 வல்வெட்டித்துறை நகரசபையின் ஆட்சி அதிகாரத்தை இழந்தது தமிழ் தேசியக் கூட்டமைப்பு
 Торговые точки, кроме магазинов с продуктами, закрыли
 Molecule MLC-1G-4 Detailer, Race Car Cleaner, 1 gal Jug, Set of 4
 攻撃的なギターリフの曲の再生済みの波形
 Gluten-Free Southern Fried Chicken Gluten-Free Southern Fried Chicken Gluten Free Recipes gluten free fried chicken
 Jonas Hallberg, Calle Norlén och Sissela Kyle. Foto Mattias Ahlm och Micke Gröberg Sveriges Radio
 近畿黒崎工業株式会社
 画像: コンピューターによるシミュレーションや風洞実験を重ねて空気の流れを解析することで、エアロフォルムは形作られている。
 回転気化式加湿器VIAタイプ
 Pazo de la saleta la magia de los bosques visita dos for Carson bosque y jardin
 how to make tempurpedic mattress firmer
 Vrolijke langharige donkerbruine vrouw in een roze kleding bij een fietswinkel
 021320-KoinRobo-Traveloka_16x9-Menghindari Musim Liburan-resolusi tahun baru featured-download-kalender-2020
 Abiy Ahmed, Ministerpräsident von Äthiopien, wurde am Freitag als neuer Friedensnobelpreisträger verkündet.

────────────────────

▶ [REQUIRED ACTION]:
Please copy out every line shown above, exactly.

▶ [RESPONSE BELOW]:
 வல்வெட்டித்துறை நகரசபையின் ஆட்சி அதிகாரத்தை இழந்தது தமிழ் தேசியக் கூட்டமைப்பு
 Торговые точки, кроме магазинов с продуктами, закрыли
 Molecule MLC-1G-4 Detailer, Race Car Cleaner, 1 gal Jug, Set of 4
 攻撃的なギターリフの曲の再生済みの波形
 Gluten-Free Southern Fried Chicken Gluten-Free Southern Fried Chicken Gluten Free Recipes gluten free fried chicken
 Jonas Hallberg, Calle Norlén och Sissela Kyle. Foto Mattias Ahlm och Micke Gröberg Sveriges Radio
 近畿黒崎工業株式会社
 画像: コンピューターによるシミュレーションや風洞実験を重ねて空気の流れを解析することで、エアロフォルムは形作られている。
 回転気化式加湿器VIAタイプ
 Pazo de la saleta la magia de los bosques visita dos for Carson bosque y jardin
 how to make tempurpedic mattress firmer
 Vrolijke langharige donkerbruine vrouw in een roze kleding bij een fietswinkel
 021320-KoinRobo-Traveloka_16x9-Menghindari Musim Liburan-resolusi tahun baru featured-download-kalender-2020
 Abiy Ahmed, Ministerpräsident von Äthiopien, wurde am Freitag als neuer Friedensnobelpreisträger verkündet.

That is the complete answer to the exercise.